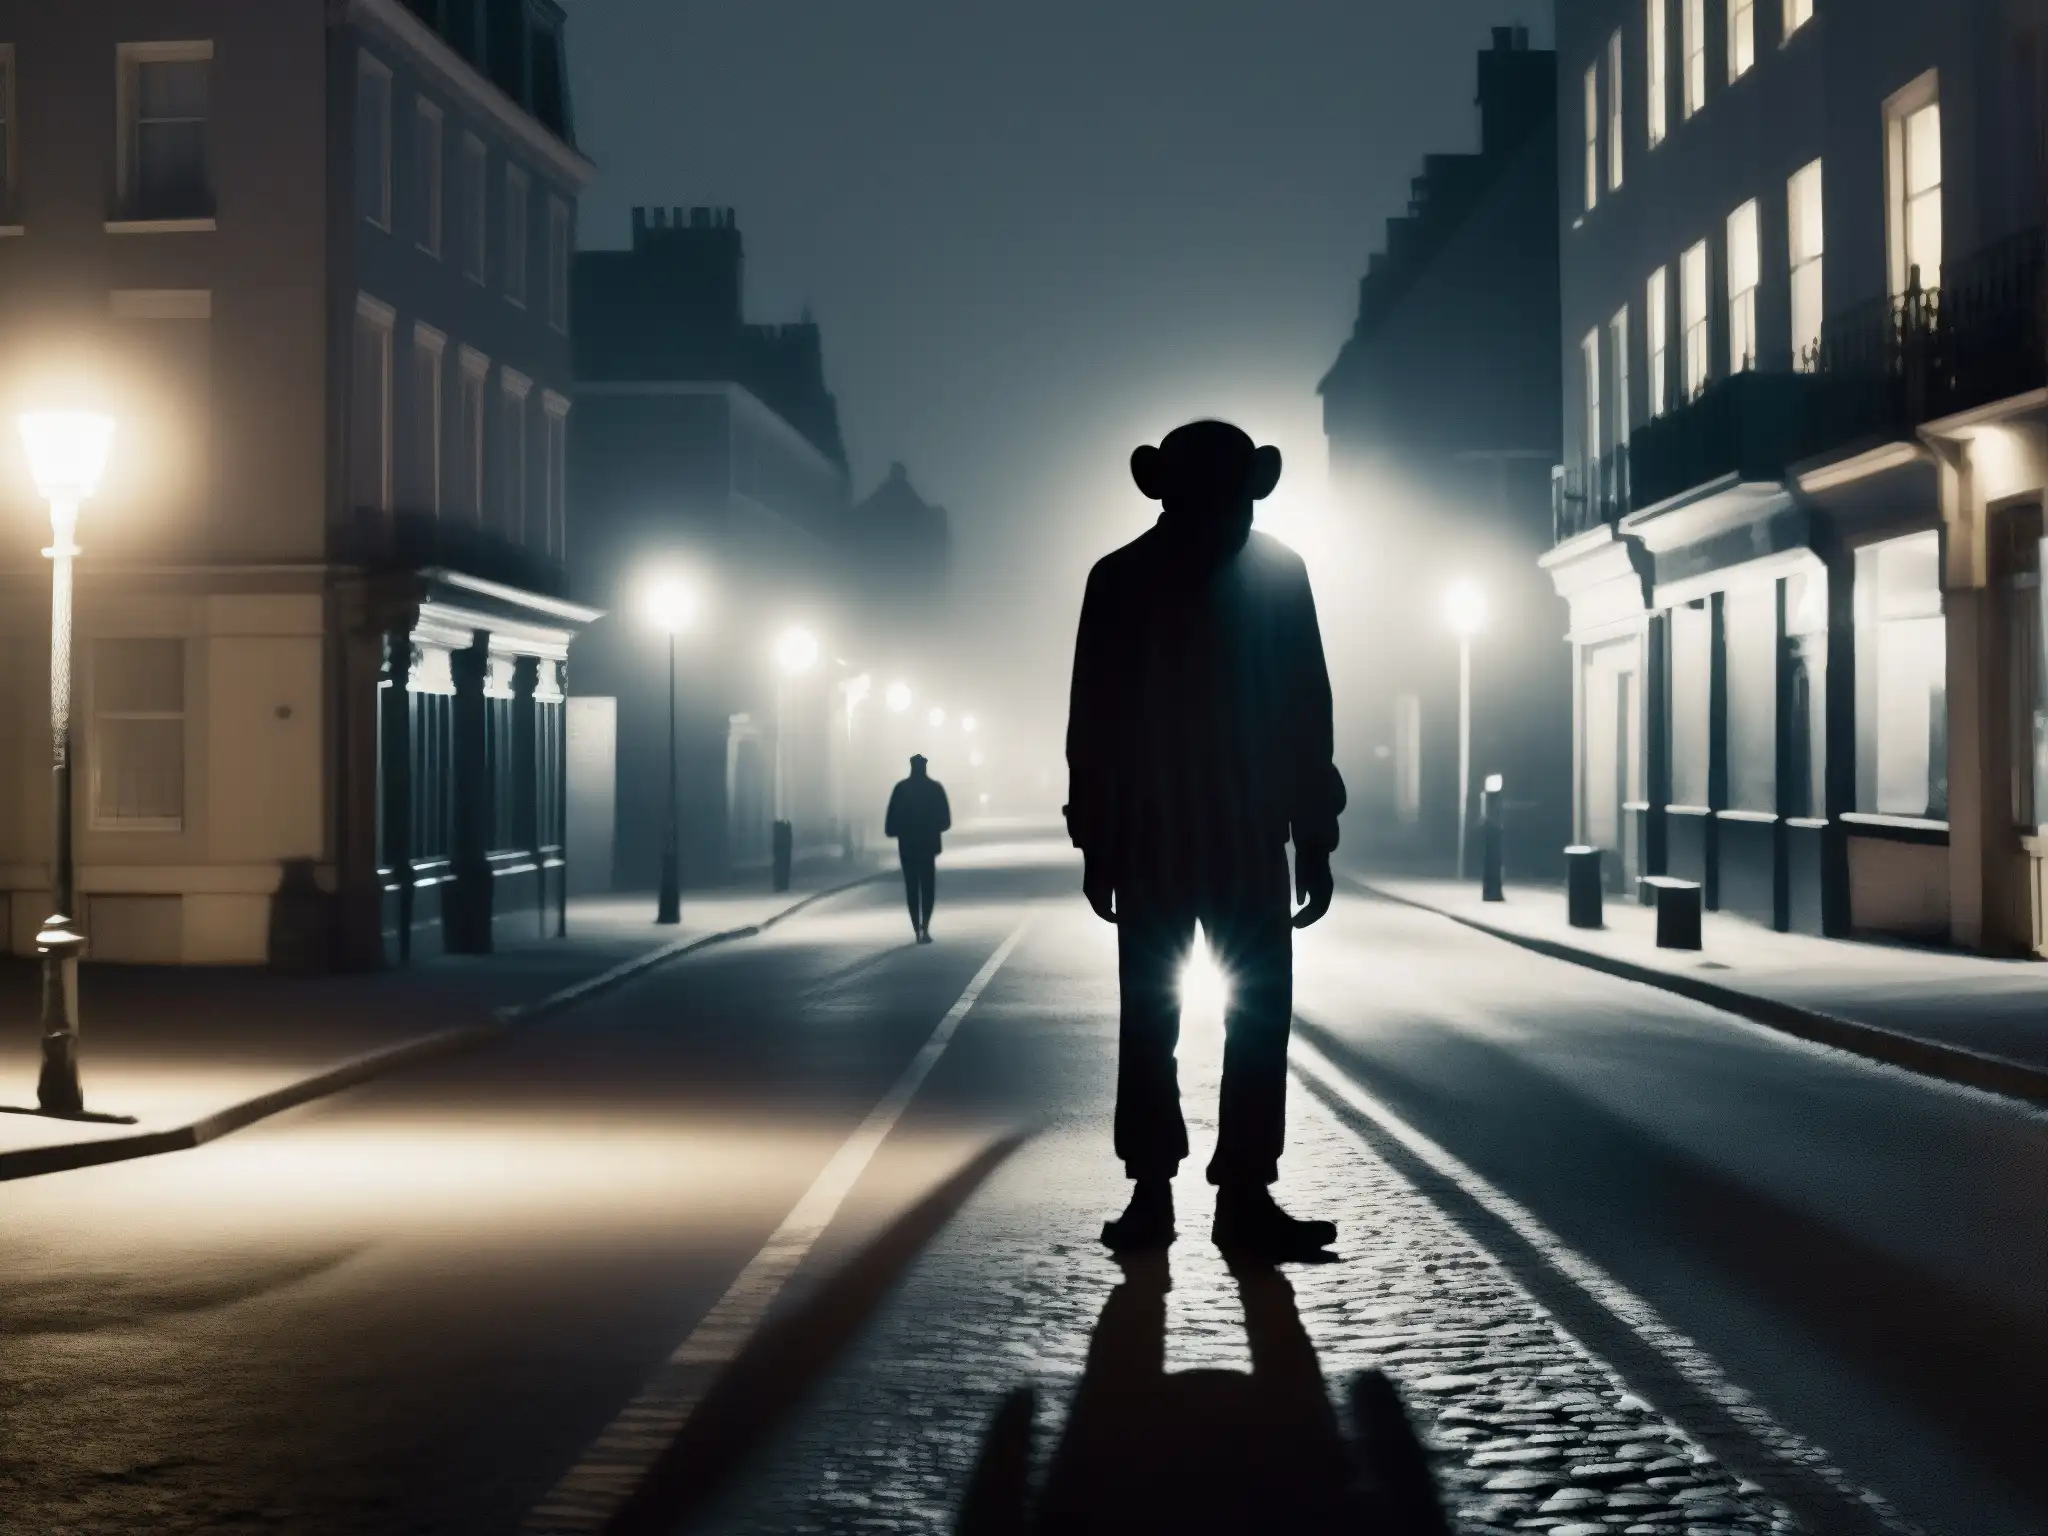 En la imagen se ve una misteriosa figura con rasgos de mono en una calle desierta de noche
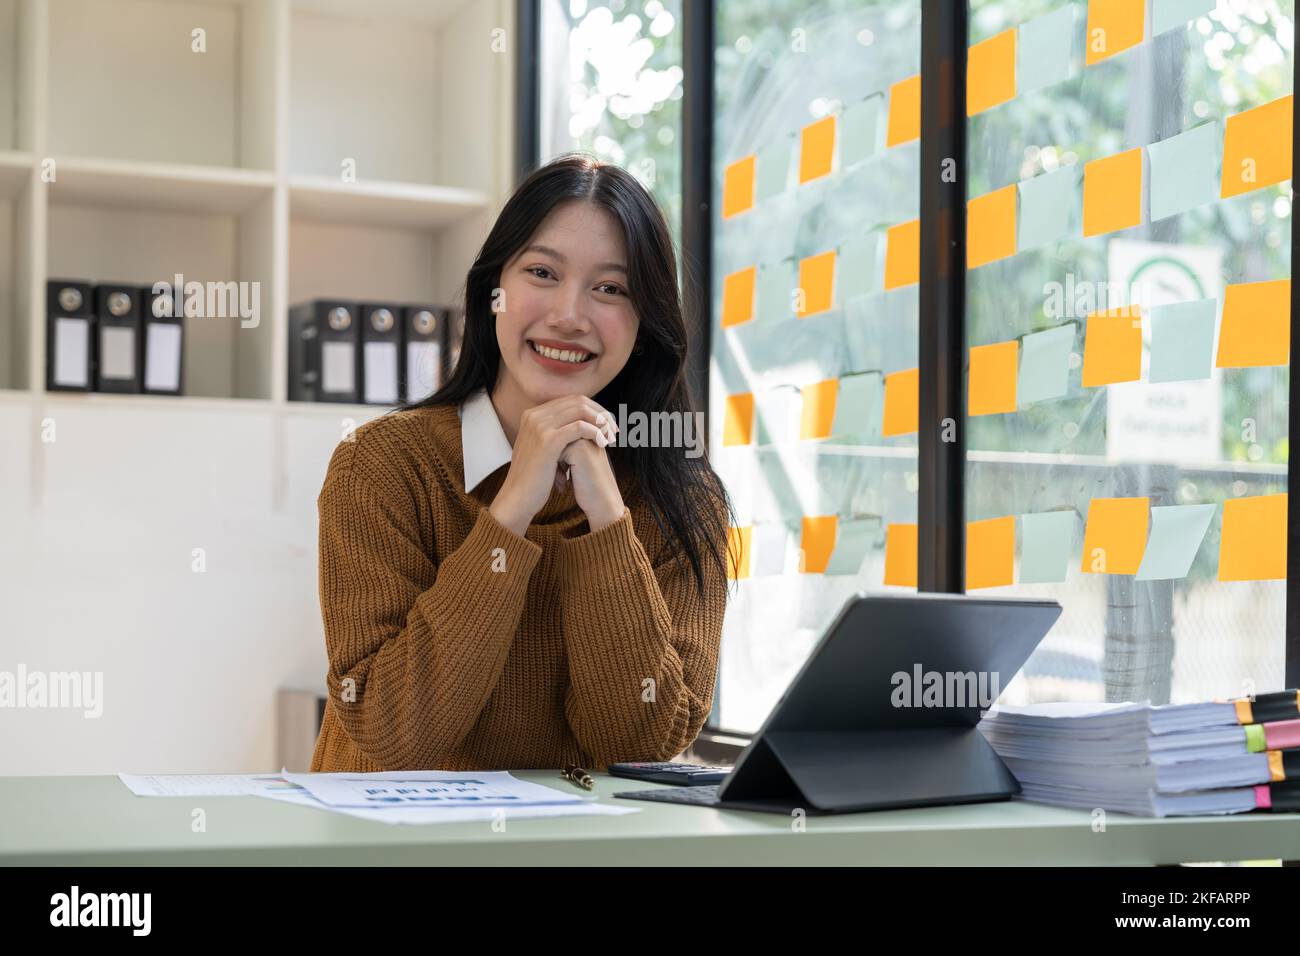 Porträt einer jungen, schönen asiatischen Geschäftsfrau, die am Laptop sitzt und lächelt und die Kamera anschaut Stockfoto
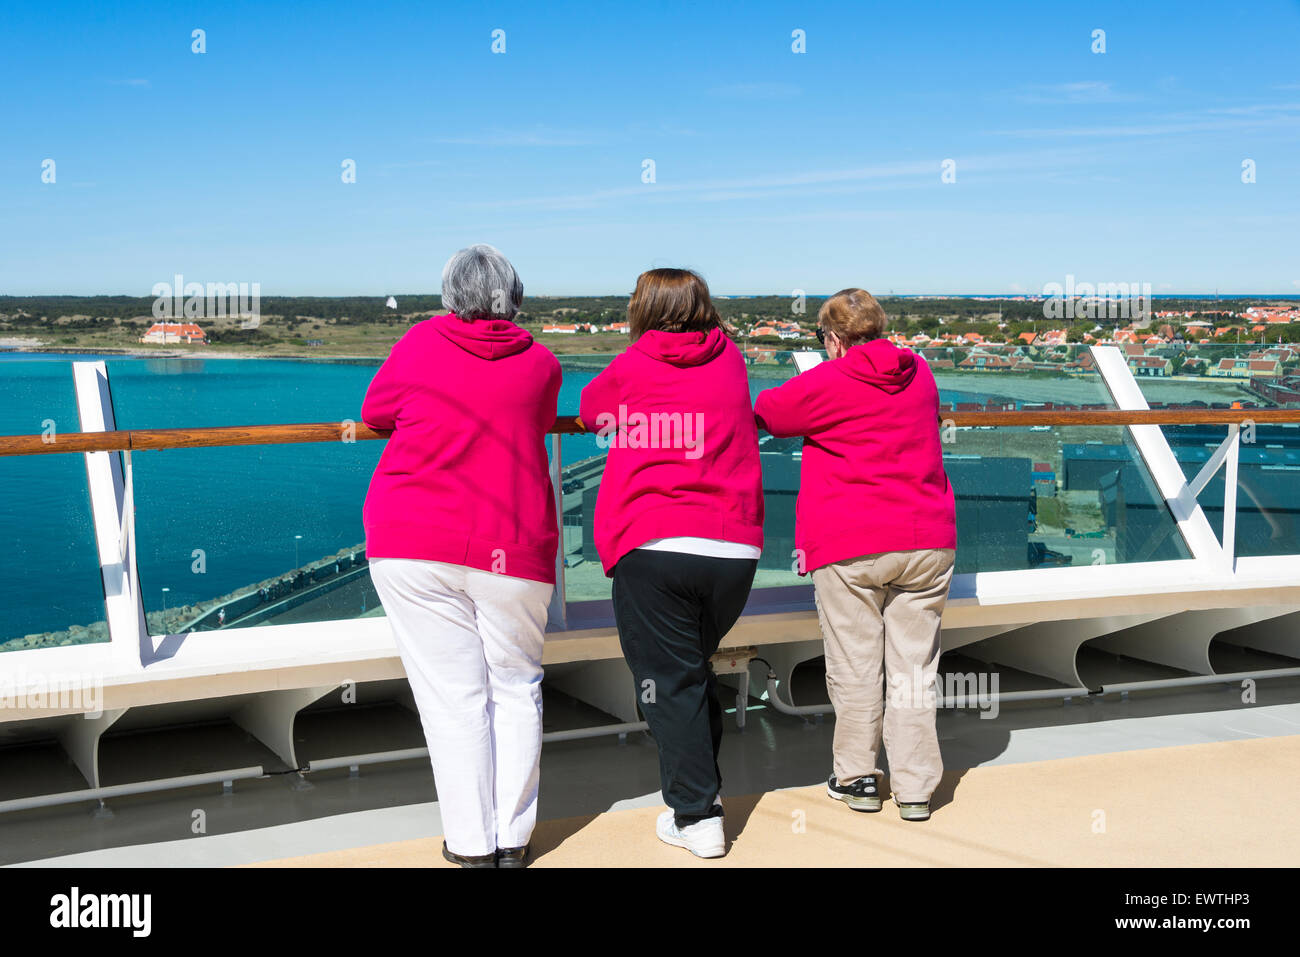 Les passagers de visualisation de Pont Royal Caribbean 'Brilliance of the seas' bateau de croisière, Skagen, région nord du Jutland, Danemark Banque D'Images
#####
• **Assignment**:
What is needed is an exact transcription of the lines from the one holding "Porträt einer jungen, schönen" to the end of the data, with every picture left out.

• **Response area**:
 Porträt einer jungen, schönen asiatischen Geschäftsfrau, die am Laptop sitzt und lächelt und die Kamera anschaut Stockfoto
 Les passagers de visualisation de Pont Royal Caribbean 'Brilliance of the seas' bateau de croisière, Skagen, région nord du Jutland, Danemark Banque D'Images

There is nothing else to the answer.